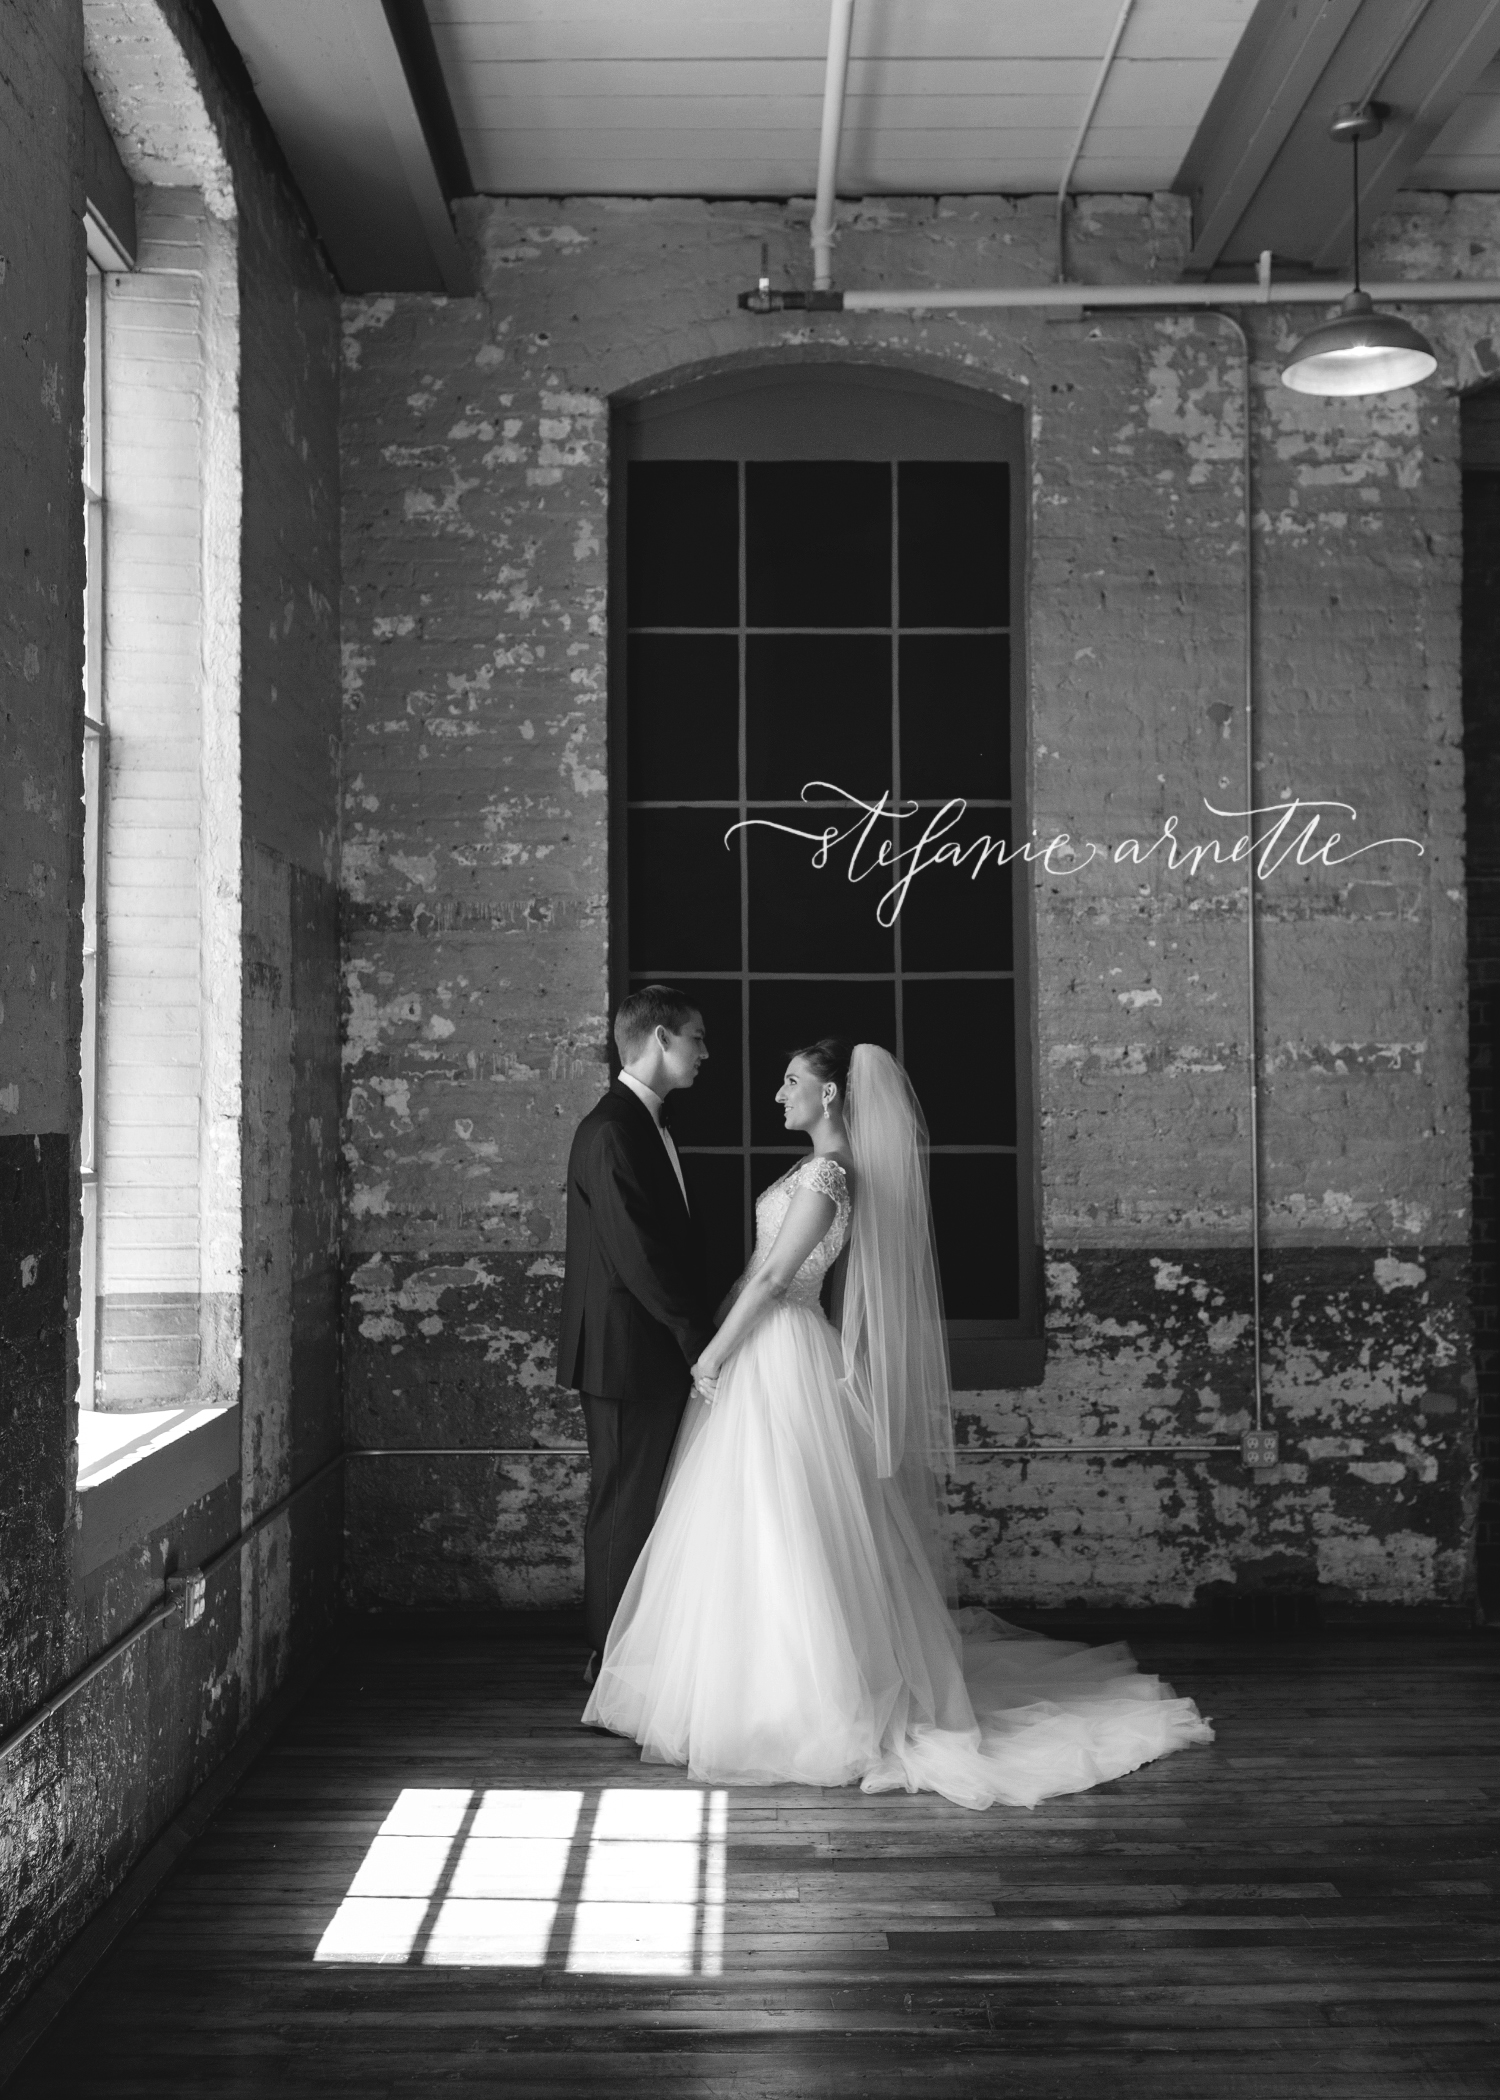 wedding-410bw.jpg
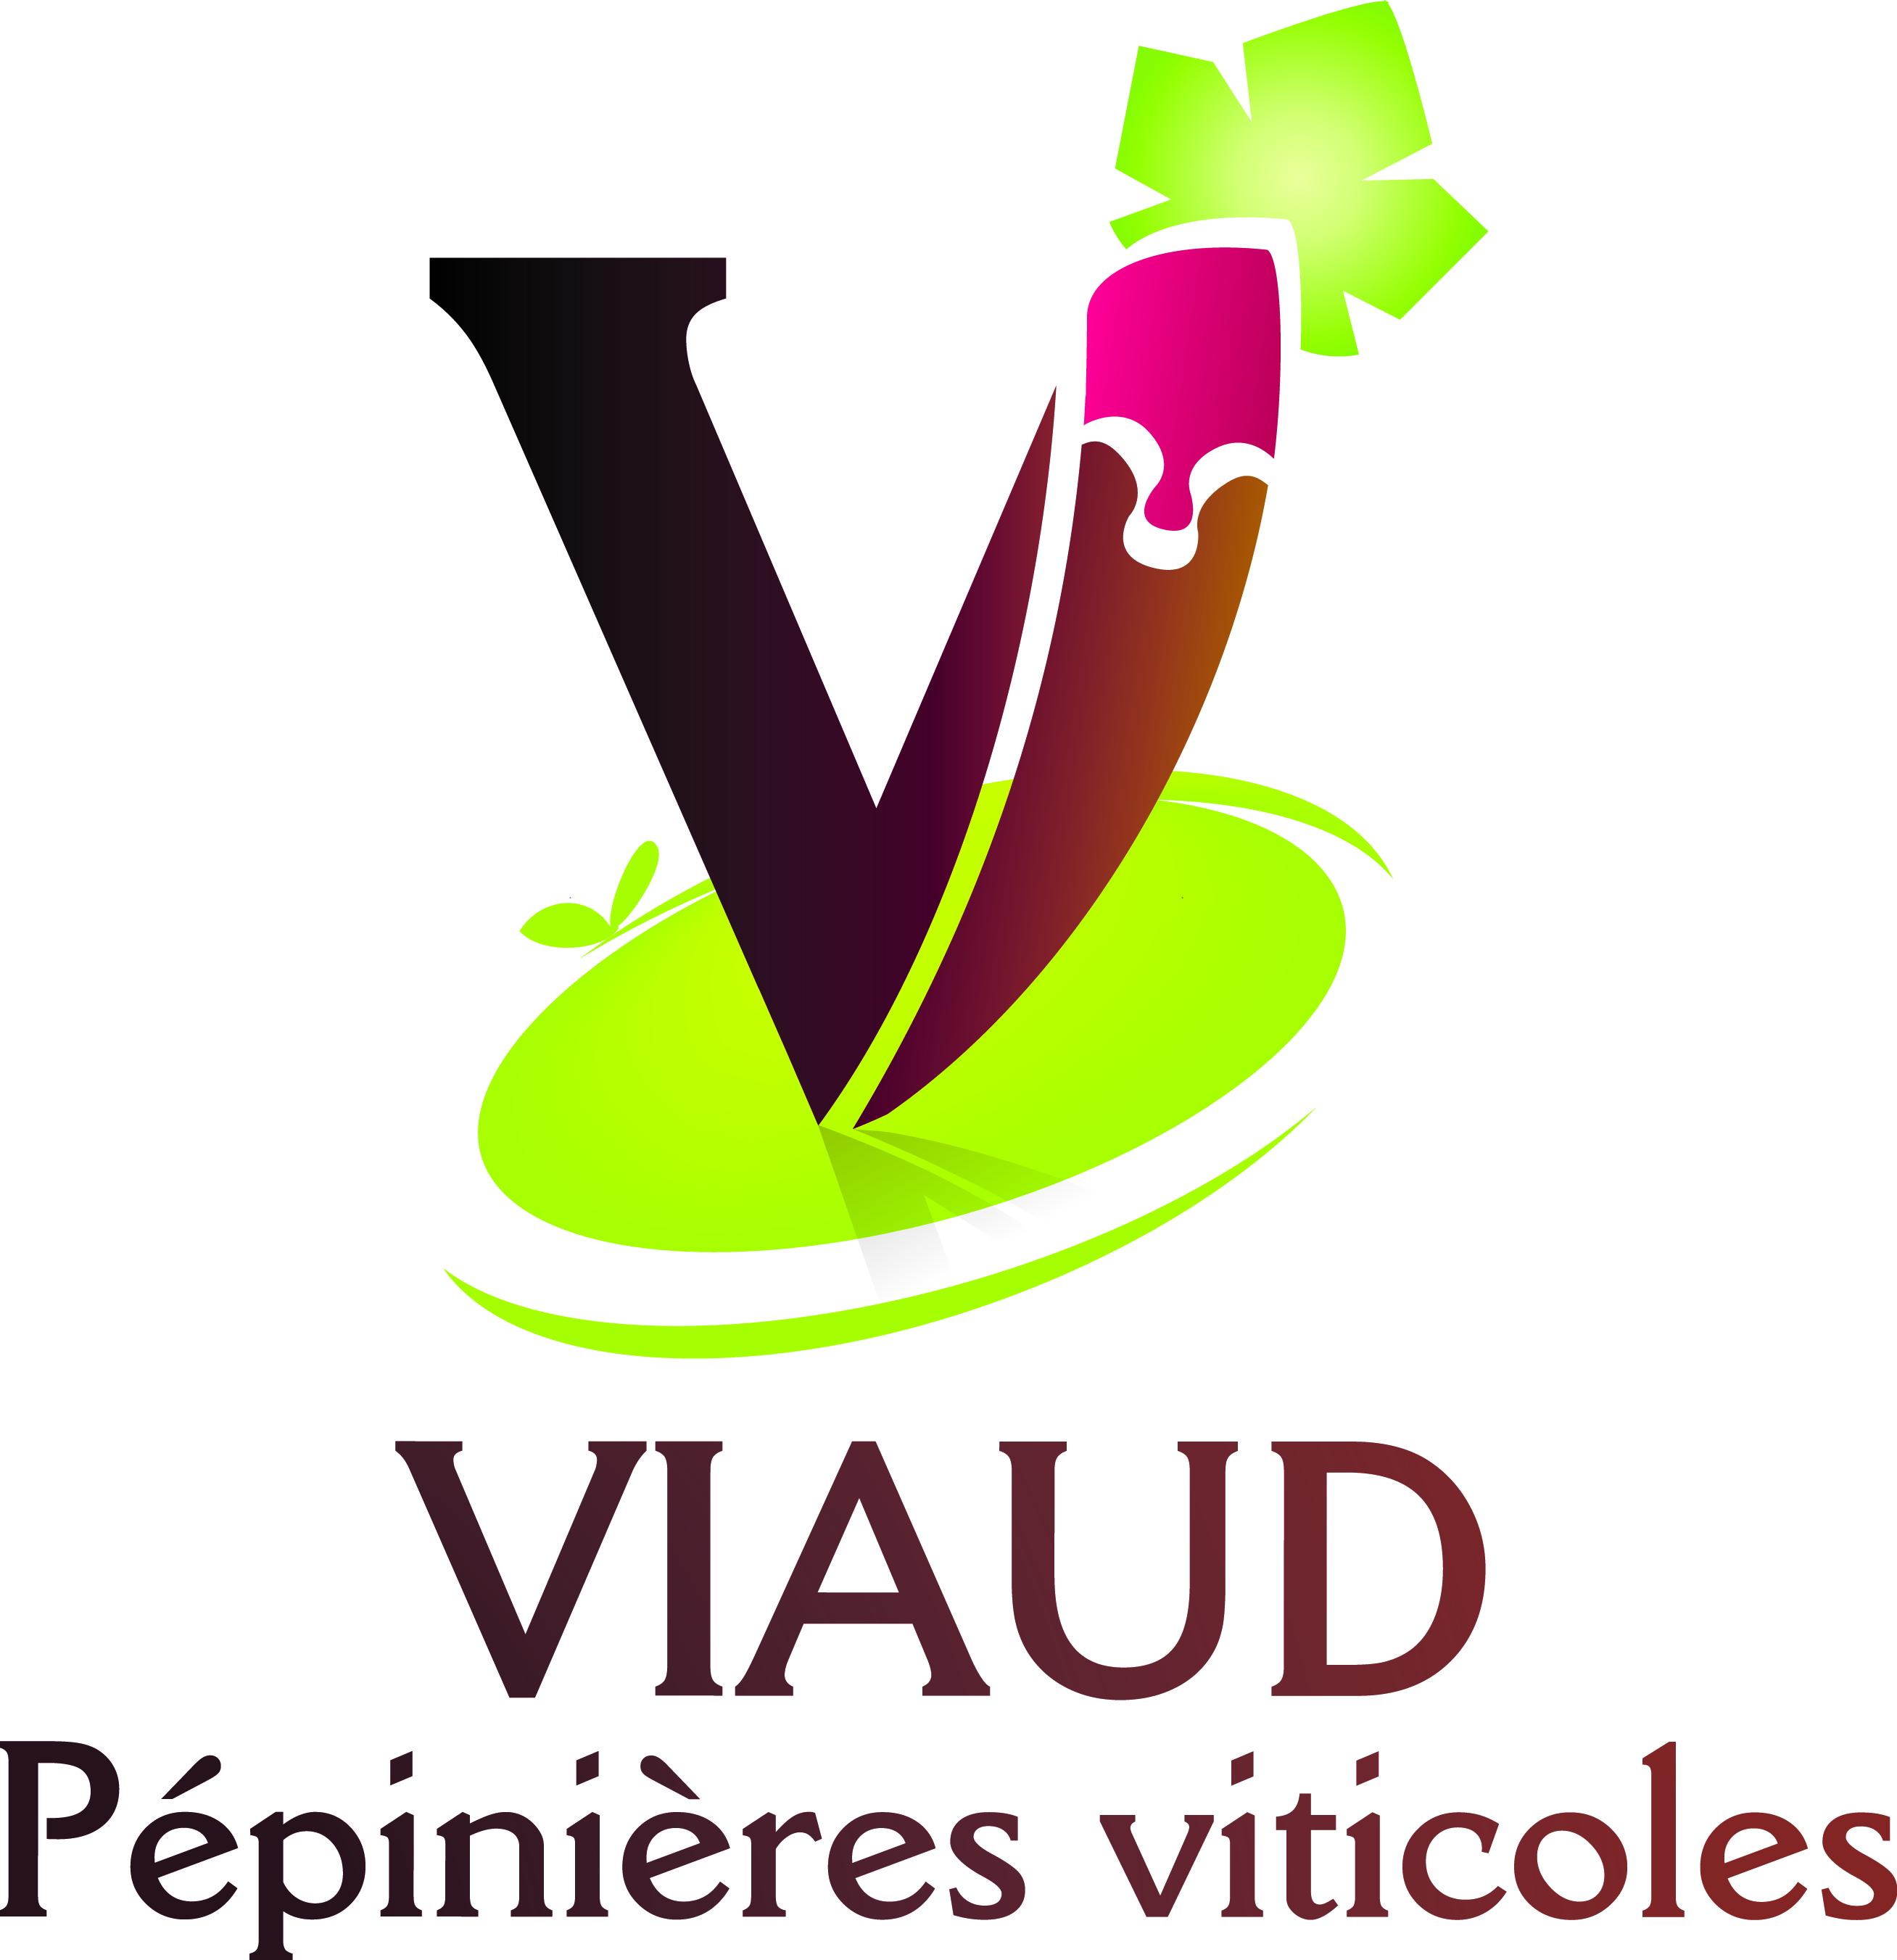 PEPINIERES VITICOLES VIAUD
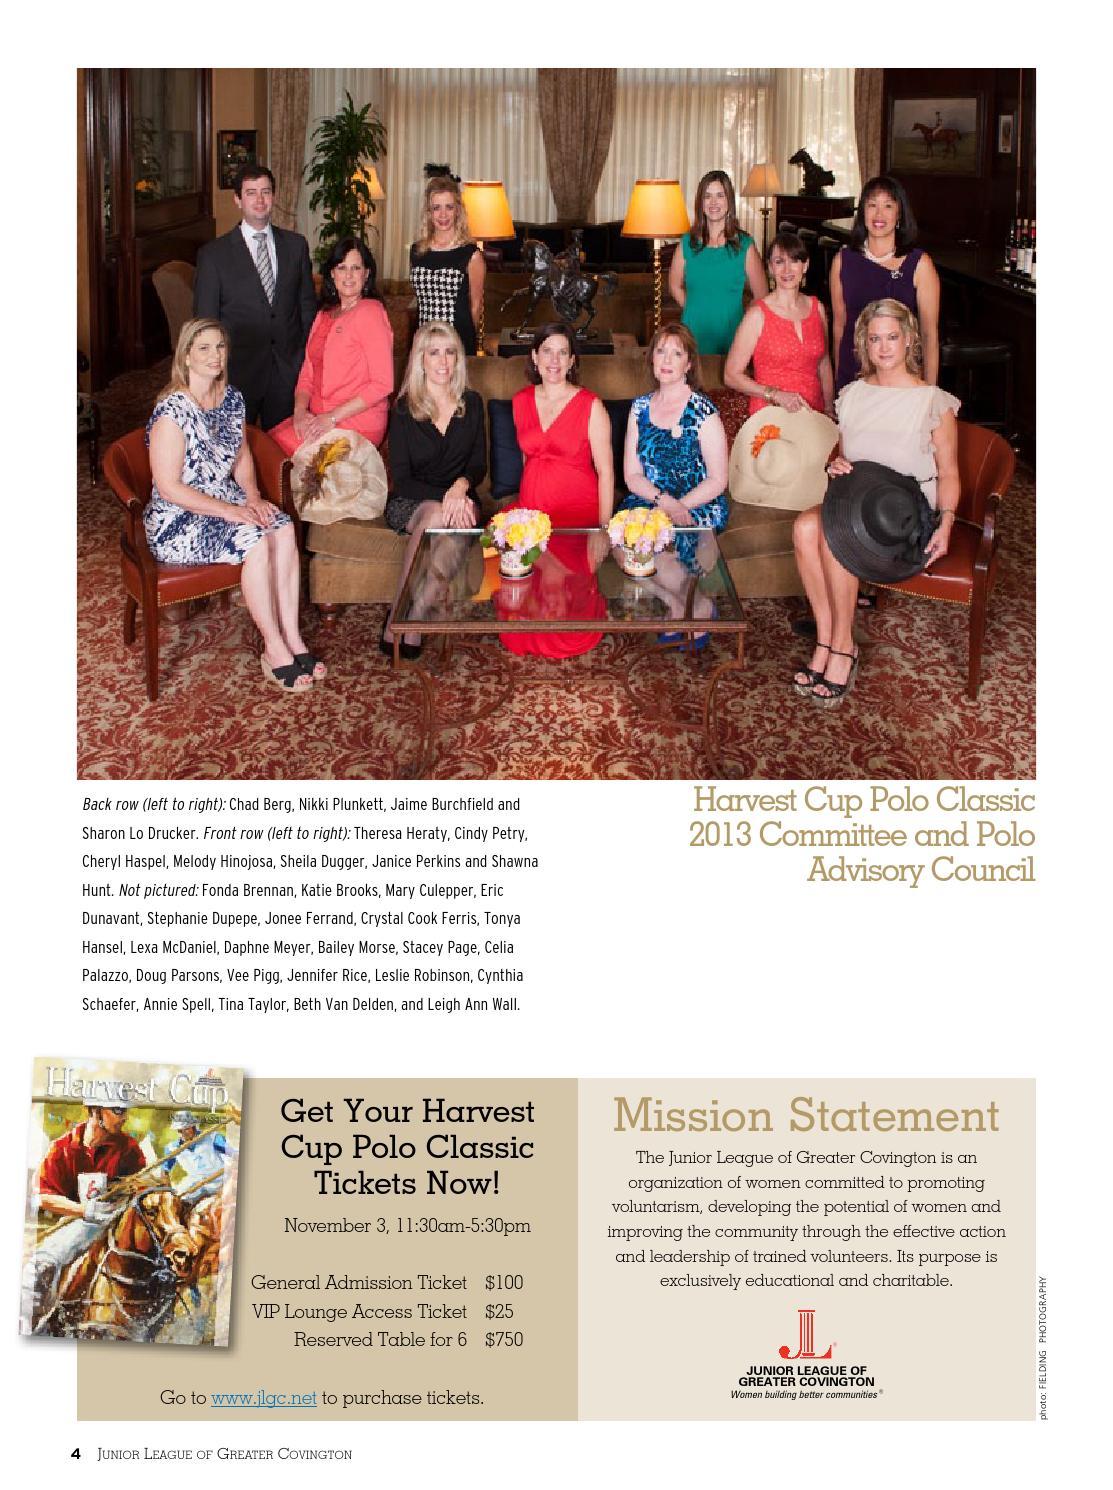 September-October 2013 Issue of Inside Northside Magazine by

§ **Directions for this task**:
Could you transcribe the material above exactly, keeping every picture out?

§ **Task response**:
 wedding-410bw.jpg
 PEPINIERES VITICOLES VIAUD
 September-October 2013 Issue of Inside Northside Magazine by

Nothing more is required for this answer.